Церемония проходила со всею тою торжественностью, к которой обязывало церковь присутствие императрицы и высших сановников. Елизавета Петровна следила за богослужением с полным благоговением, которое постоянно выказывала при всех религиозных торжествах. Все придворные с пунктуальной заботливостью согласовали выражение своих лиц с выражением лица императрицы, и двор представлял собою картину глубочайшего благоговения и вдохновлённой благодарности за дарованную Богом победу над пруссаками.

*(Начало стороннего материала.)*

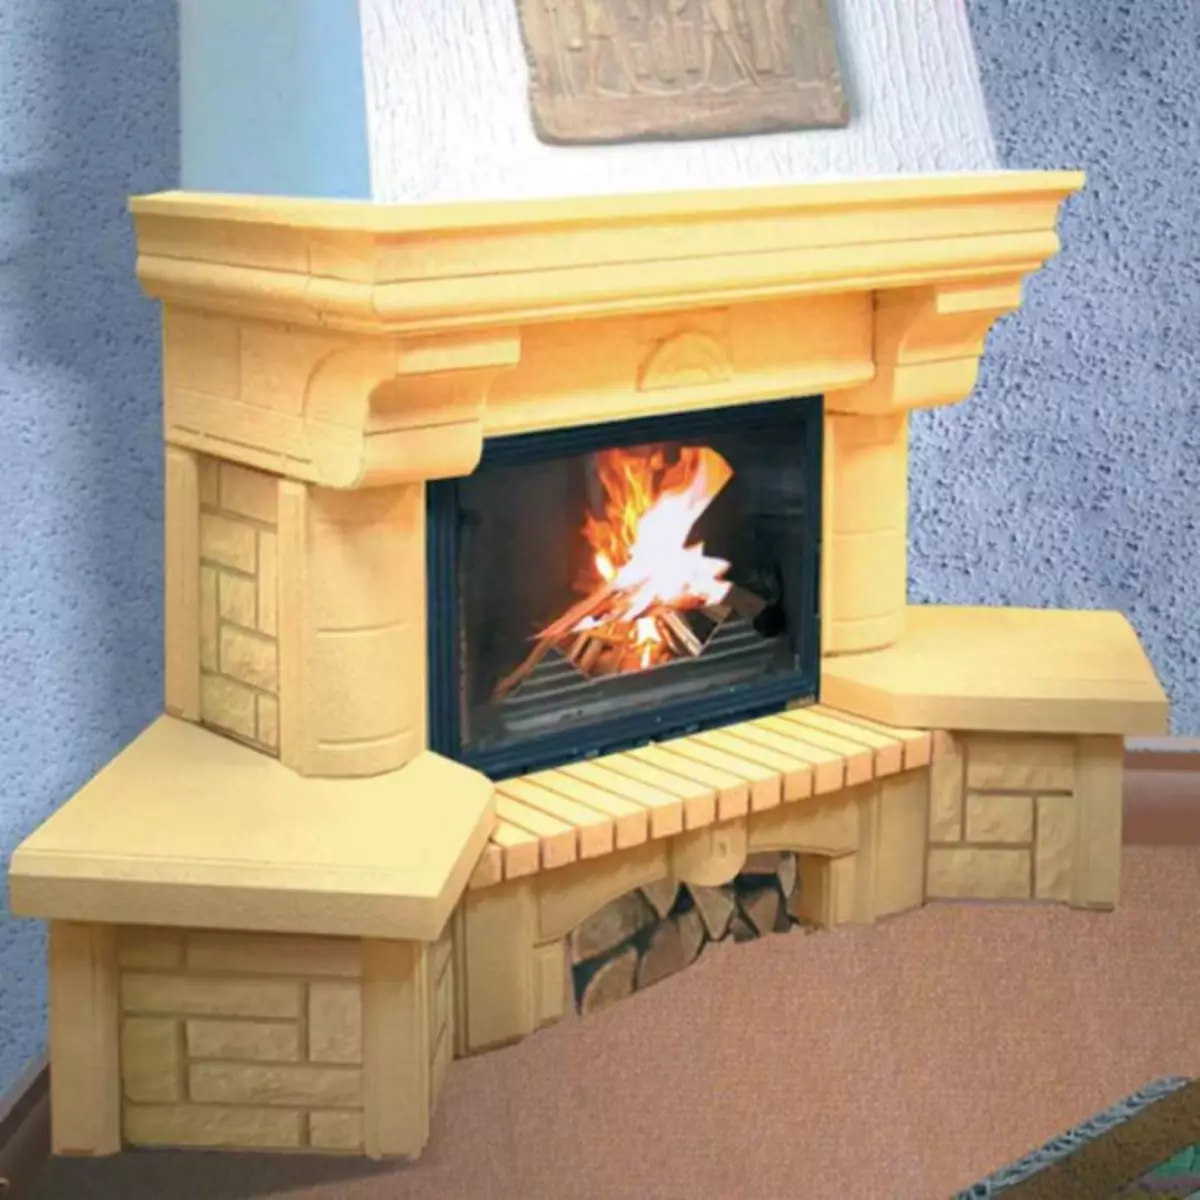 Peinture résistante à la chaleur: choisissez un revêtement de protection et esthétique pour la cheminée et le four

Однако каждый в душе был занят, конечно, своими собственными мыслями, в особенности те из придворных, которые стояли достаточно близко, чтобы слышать всё происходившее в кабинете государыни, роясь в догадках, усердно подыскивали объяснения очевидно немилостивому замечанию её императорского величества при приёме представившегося графа Понятовского и столь же тёмным по её смыслу замечаниям относительно раскрытия государственной измены, гнездившейся вокруг великого князя. И то, и другое интриговало тем более, что, судя по изумлённым лицам графов Ивана Ивановича Шувалова и Алексея Григорьевича Разумовского, причины этого не могли быть известны даже и этим наиболее доверенным друзьям императрицы.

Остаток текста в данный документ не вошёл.